Lately, we’re dividing our time between three fictional worlds (four if you count consensus reality). We’re brainstorming about the Ghost Novels, editing one of the Science Novels, and getting critique feedback about one of the Music Novels.

Back when we started this writing partnership, one of our policies was to avoid splitting our focus like this. We would dwell in one fictional universe at a time. Of course, that was a lot easier to stick to when we only had the one. Our concern, theoretical as it might have been, was that we’d waste too much mental energy switching between worlds. But you know what? It’s not been that hard, really.

A couple of years ago, we felt we had to bend our rules in order to accomplish our goals. It made us nervous, and there was a little bit of a learning curve. But like playing an instrument, or speaking a language, or anything else, it’s a trainable skill. We can do, now, exactly what we assumed wouldn’t work: hold three story worlds in our heads at the same time, and keep them straight.

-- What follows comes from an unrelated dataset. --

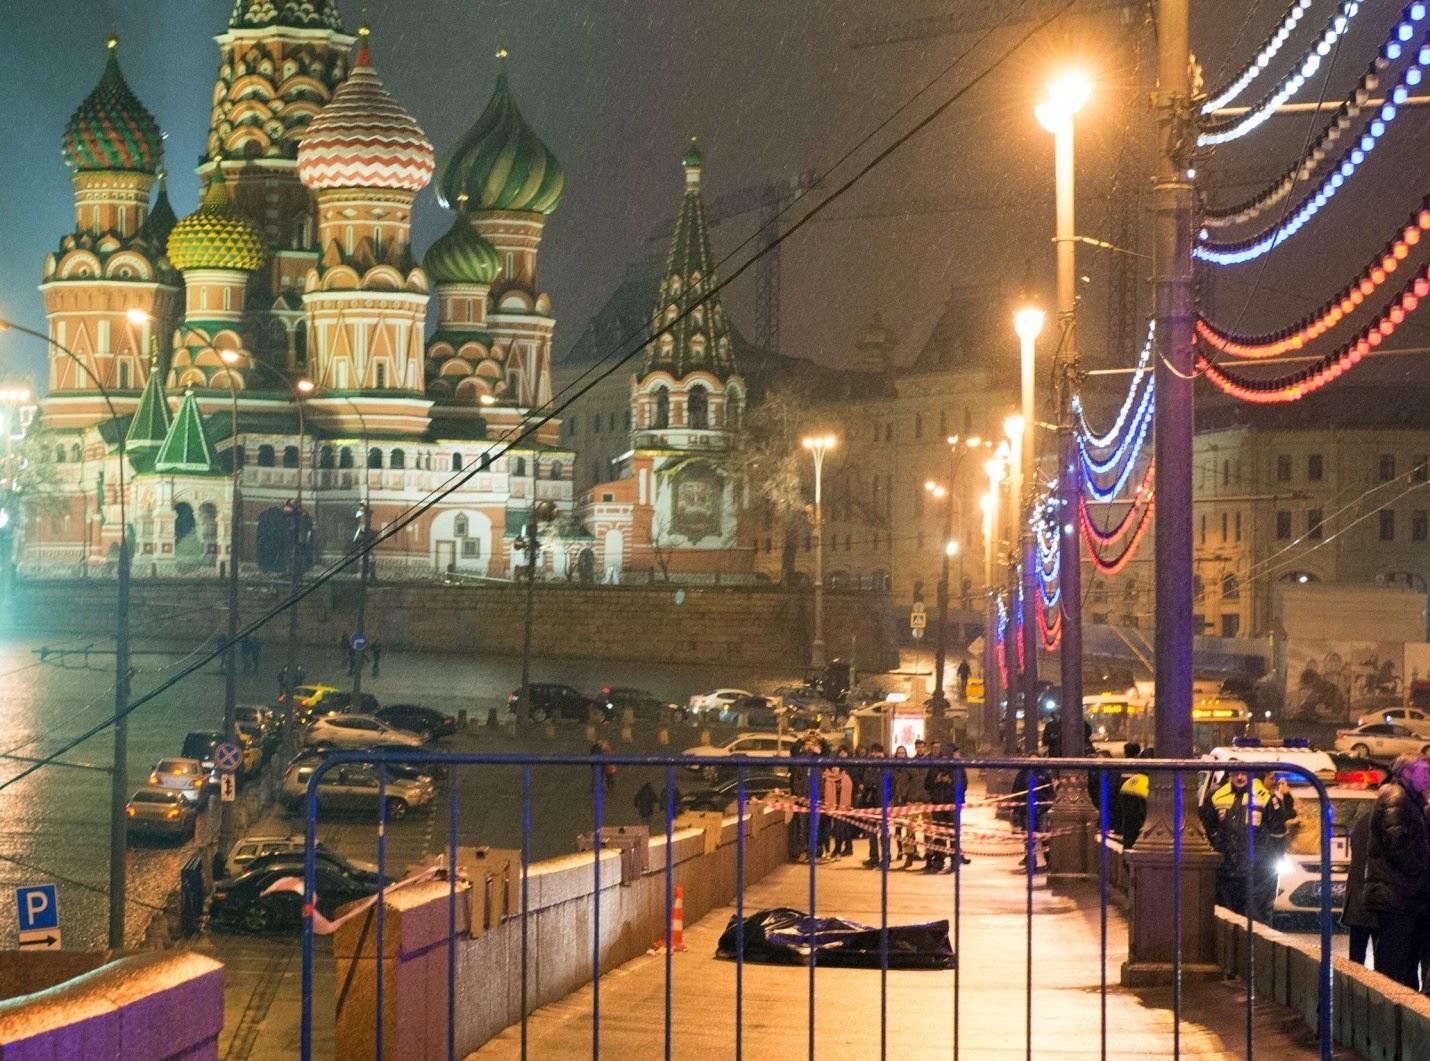 Les États-Unis ont-ils assassiné Boris Nemtsov?  355d0cc4-1afc-47b6-8cdc-6eeb0a0f088c-2060x1529

As we flit about our various universes, we stay together. The critique notes about the Music Novel, we look at together and discuss. When it’s time to do Science Novel edits, we both knuckle down for that. Brainstorming about ghosties is a team sport. We find we can do just about anything as long as we’re doing it together. Probably the only time we’ve sent Kent off to one universe while Jen visited another is when there was cover artwork involved. (And, that worked just fine too. But we prefer to stay in sync.)

A writing partner is someone who’ll straddle three icebergs with you and help you not fall in.